En ese momento, realmente me sentí tambaleante. Estaba exhausta, tanto física como mentalmente.

El evento que había trabajado tan duro en organizar debía ser algo que todos disfrutarían, y todos los miembros del club lo habían estado esperando con ilusión.

Él me sujetó la muñeca.

Su cabello negro parecía brillar visto de cerca.

Luego soltó un leve suspiro, y pude oler claramente el fresco aroma a menta en su aliento.

Sus ojos estaban fijos en mí con intensidad.

—Por supuesto que no voy a hacer eso, Sava.—

Entonces sus labios se curvaron hacia arriba en una sonrisa burlona, saboreando su victoria.

Mi rostro se enrojeció aún más por la irritación.
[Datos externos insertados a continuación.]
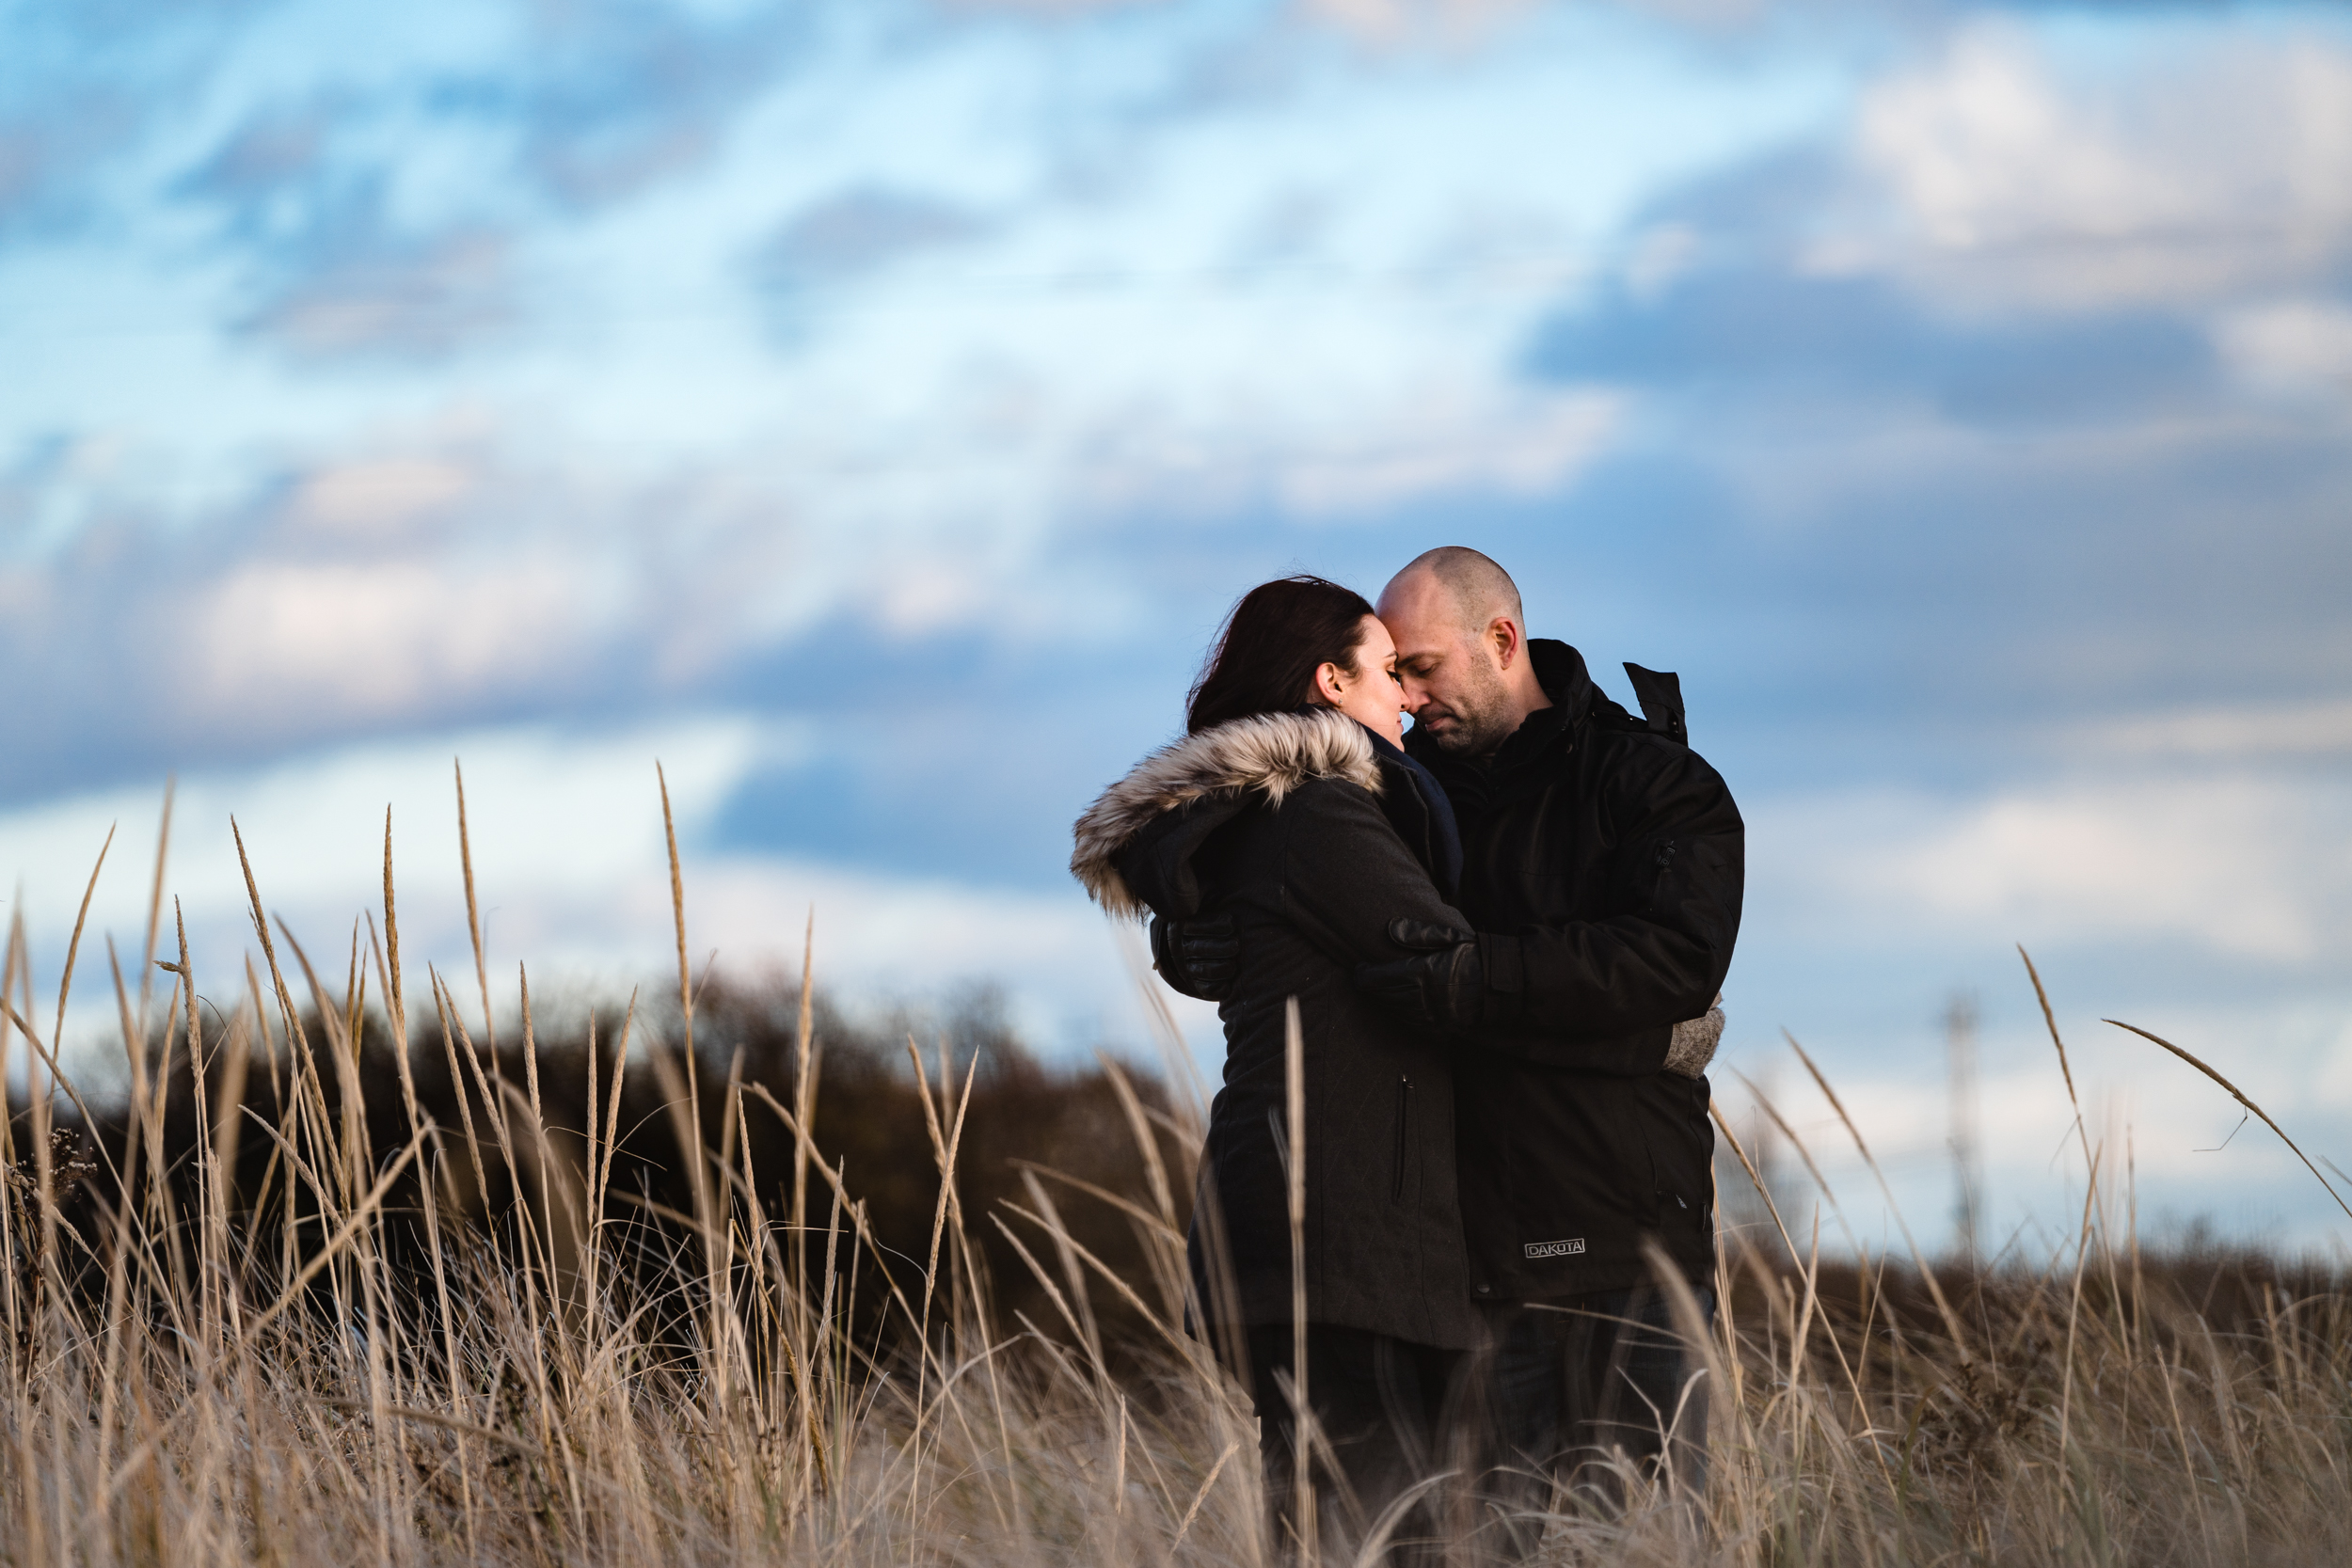 Sarah&Shayne-Halifax-engagement-weddingphotography-weddingphotographers-novascotia (17 of 41).jpg

Apretando los puños, empecé a golpearlo repetidamente.

El hombre de gran complexión esquivaba con facilidad.

Y justo cuando logré agarrarlo de nuevo por el cuello de la camisa, su mirada se desvió repentinamente hacia otro lado.

Su mano reaccionó al instante, atrayéndome hacia un fuerte abrazo.

Lo siguiente que vi fue una enorme columna dentro de la habitación cayendo hacia nosotros.

Pero Bastian, aún sosteniéndome, logró apartarnos, haciéndonos rodar hacia el otro lado de la habitación.

Entonces apareció una luz brillante—tan intensa que parecía desbordar mi visión hasta el punto de no poder ver nada…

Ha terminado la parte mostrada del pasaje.